In the code-first option, you have the freedom to use DataRobot as an API call within your preferred notebook, similar to any modern data science library.
Alternatively, you can utilize DataRobot's fully managed and hosted Notebooks to keep everything organized across teams, which is what we are going to do today.
Now we can bring our Notebook: click on the ‘Notebooks' tab and import the notebook from the prerequisites
These notebooks support Python and R, letting data scientists easily run code with all essential tools on the platform. They offer built-in revision history for simple checkpointing and version reverting.
DataRobot's notebooks negate the need for adjusting compute resources and images, allowing focus on work with one click, devoid of handling basic infrastructure tasks. Additionally, they provide common code snippets for time-saving and focus on creative experimentation.
Integration with OpenAI offers superior Generative AI assistance, automated code generation, enhanced datasets, insights, and optimization, boosting productivity and performance.

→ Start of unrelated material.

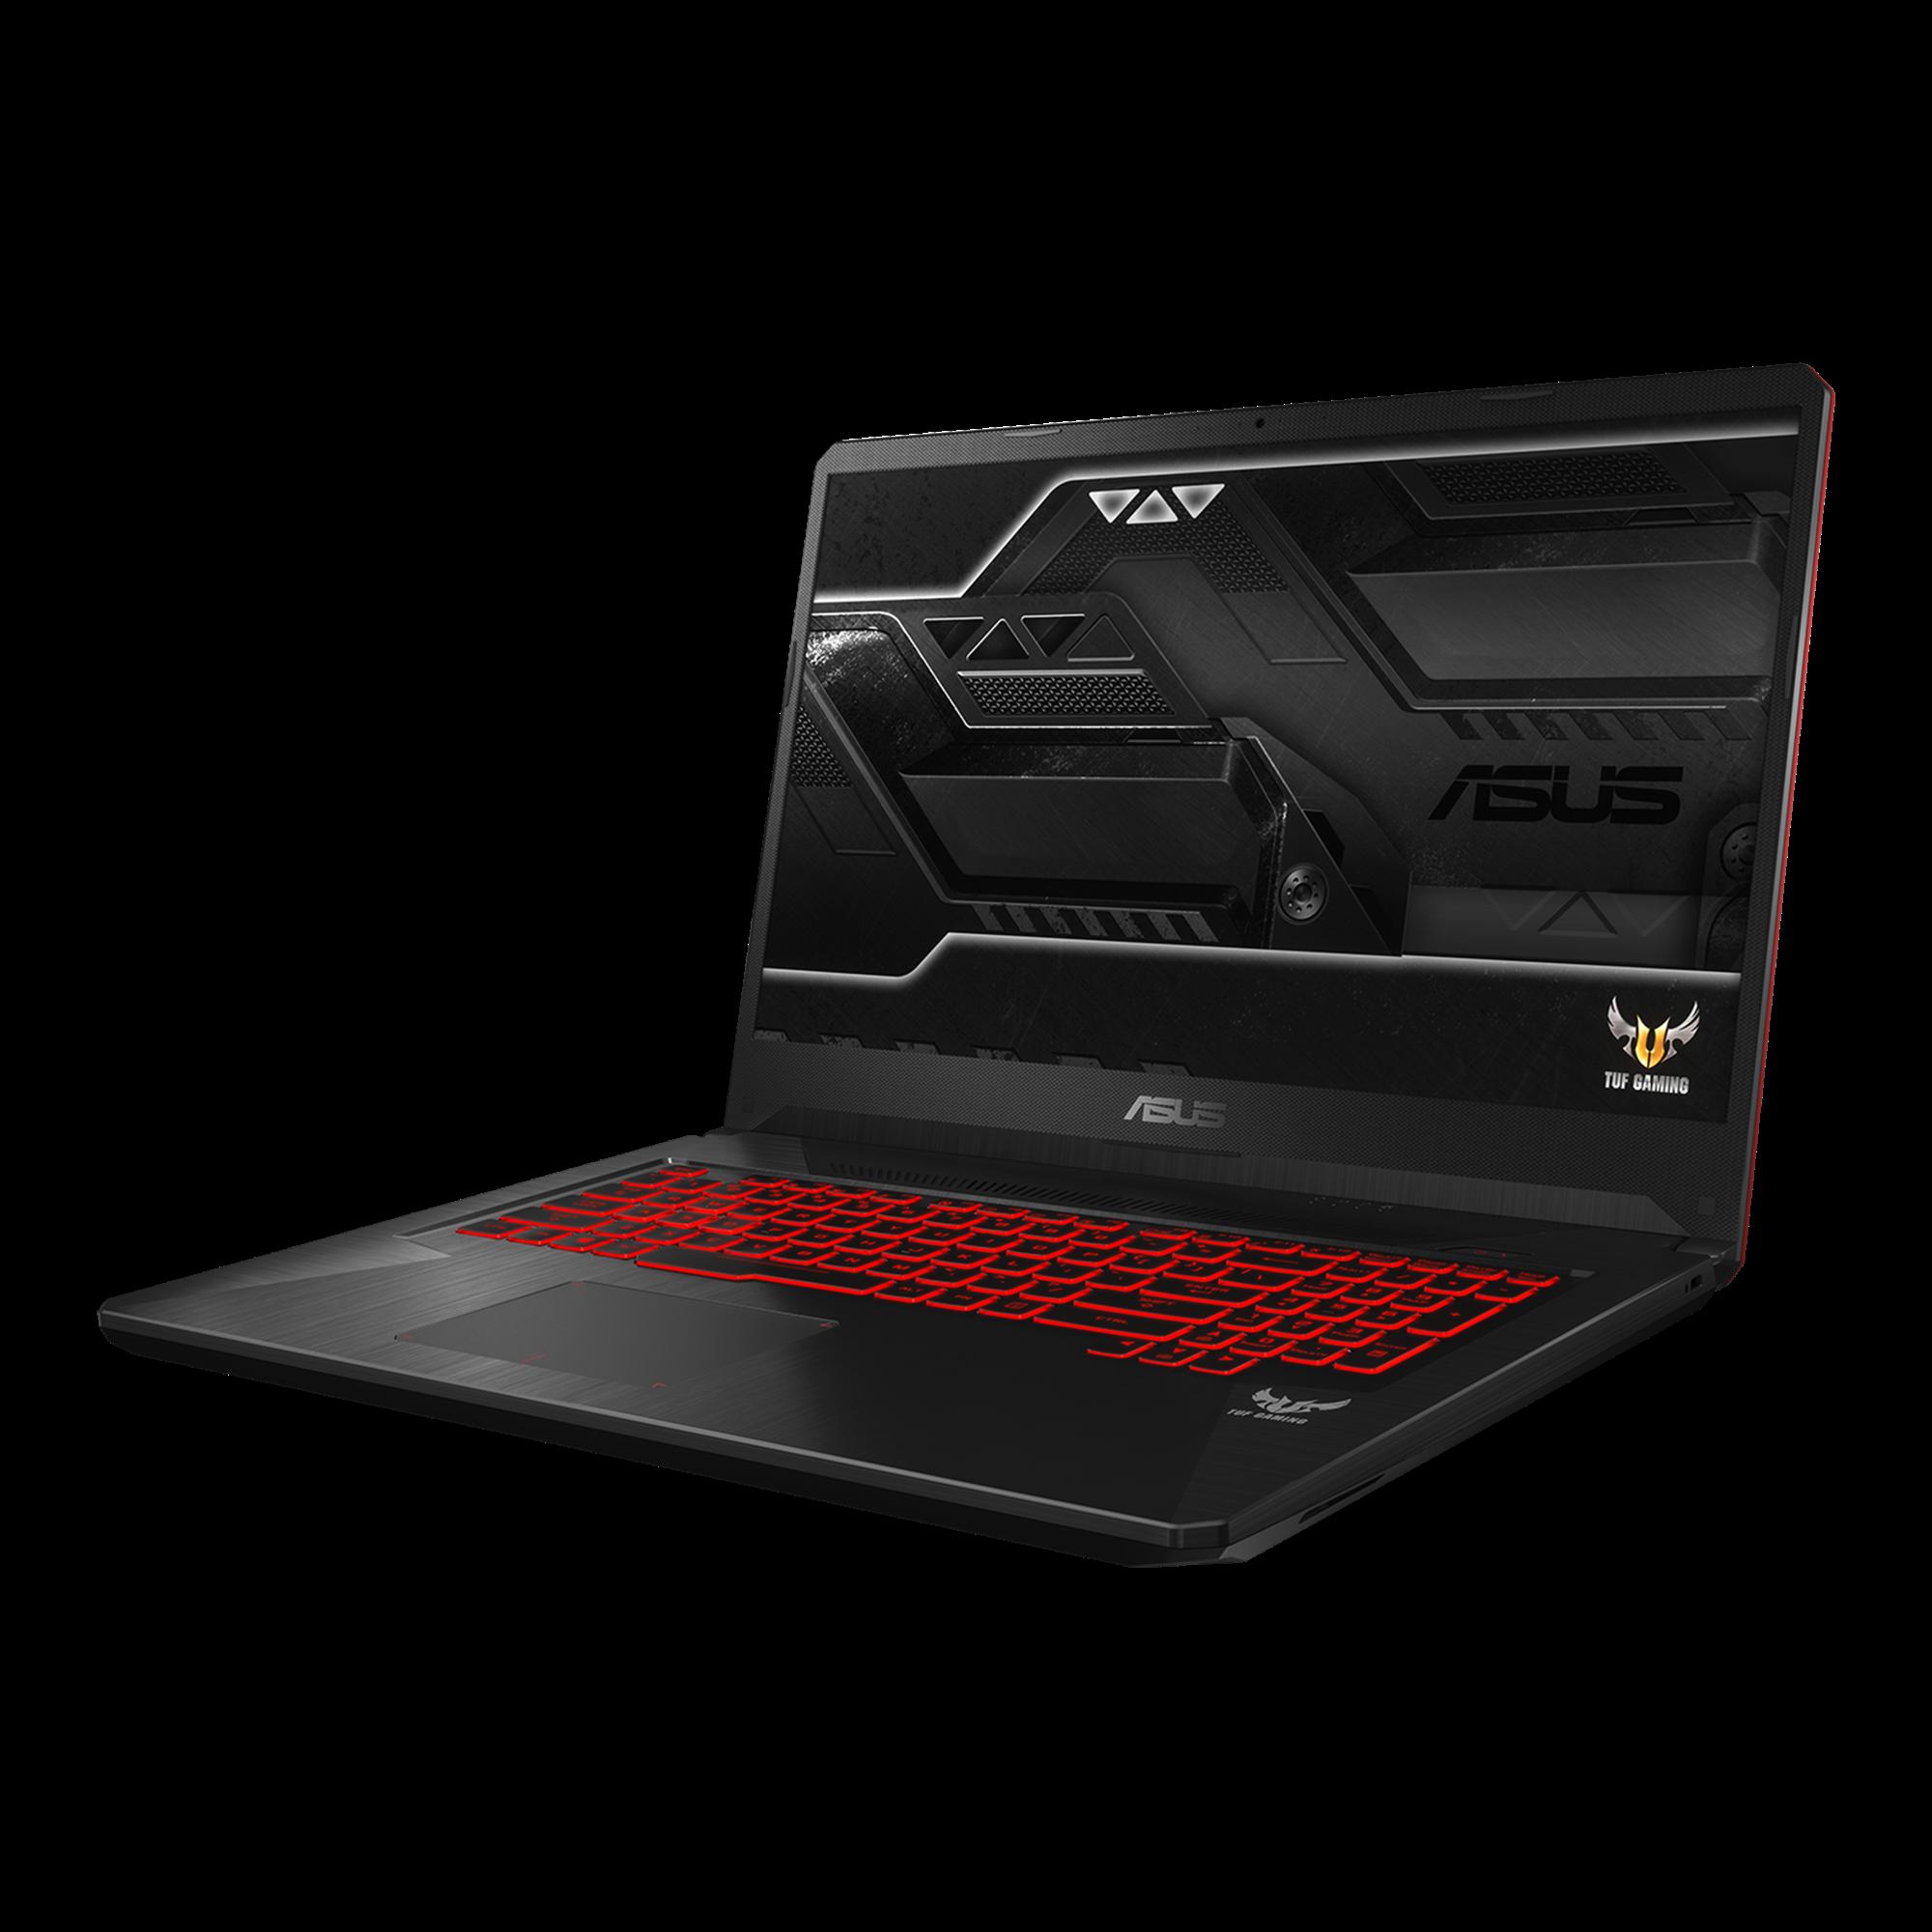 Asus Tuf Gaming Fx705 Laptops For Gaming Asus Usa

Before running the notebook or executing any cells, ensure the following environment variable:
Most of this workflow is executed by the notebook, but you will create a deployment and monitor it via the DataRobot GUI. Supporting documentation for these steps are included in the notebook.
Let's move to run cells and the instructions in the notebook. We will come back to the guide before moving to the ‘Model Deployment' stage.

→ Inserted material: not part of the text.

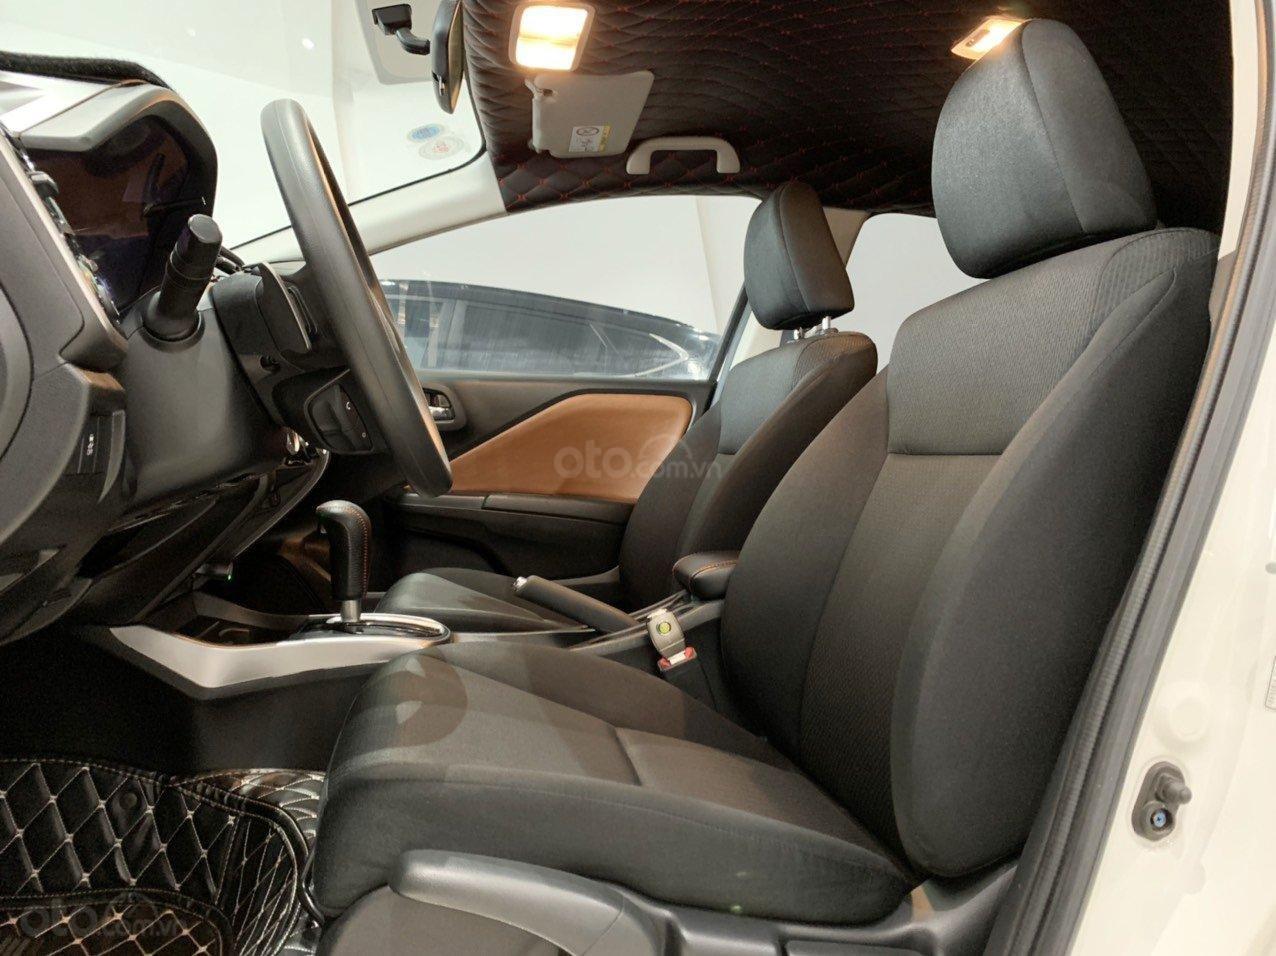 Bán xe Honda City xe gia đình, xe đẹp như mới, đi 67.000, trả góp chỉ 157 triệu (10)

First, we need to change to ‘DataRobot Classic'. ‘Deployments' and our AI production capabilities are in ‘Classic' and will be part of the new experience 11/7, and all functionality available in Classic will eventually migrate into the new experience.
Because we would like to deploy a model into the ‘Finance' schema we need to create a new data connection.
Click on the top right icon » ‘Data connections' » Put your credentials + Add parameter - the schema ‘FINANCE'
Because we are going to deploy the model to Snowflake, we need to set up a Snowflake prediction environment.
This means that DataRobot will completely manage and automatically control this prediction environment, including model deployment and replacement.
Press on the ‘Deployment' Tab » ‘Prediction Environments' tab »Add prediction environment
To keep a version of the model we are going to deploy, we will add it to the registry.
Press on the ‘Models' tab » press on the desired model » press on ‘Predict' tab » press on ‘Deploy' tab » click ‘Add to Model Registry'.
Press on the ‘Model registry' tab » press on ‘Model Packages' tab » press on the desired model » ‘Deploy model package'.
You can pick where to deploy it, here we choose Snowflake and choosing the prediction environment we set earlier.
We are ready to deploy our model to Snowflake. Create the deployment by clicking ‘Deploy model'. The JAVA UDF will be pushed automatically to your Snowflake environment.
To ensure the deployment process was successful, you can go to the ‘Deployment' tab and look for the deployment. We can see that the management agent is now running, and we have a health indicator in the GUI.
To ensure the UDF was pushed you can check if the UDF appears in your snowflake account, under your schema.
Please copy the deployment id from the URL, we will use it with the notebook.
Now we can go back to the notebook to score our prediction data with Snowpark, see the results and come back here in the ‘Model monitoring' section
To make sure business decisions are aligned with external and internal factors, you need to monitor the model performance and understand if you need to replace or retrain it.
DataRobot provides the flexibility to do that with models that are deployed in platforms outside of DataRobot, such as Snowflake.
Let's define a monitoring job to read past predictions and/or actuals from a database table.
Press on the ‘Deployment' Tab » Choose the deployed model » Press on Job Definitions tab » Add job definition
Press ‘Save and run monitoring job definition'
We see that the job is being executed and right after that the job has been completed
DataRobot will monitor the predictions and the actual values and organize them over time in our Monitoring Engine to track data drift and accuracy for the model.
These out-of-the-box graphs will change over time and can help determine the model's accuracy.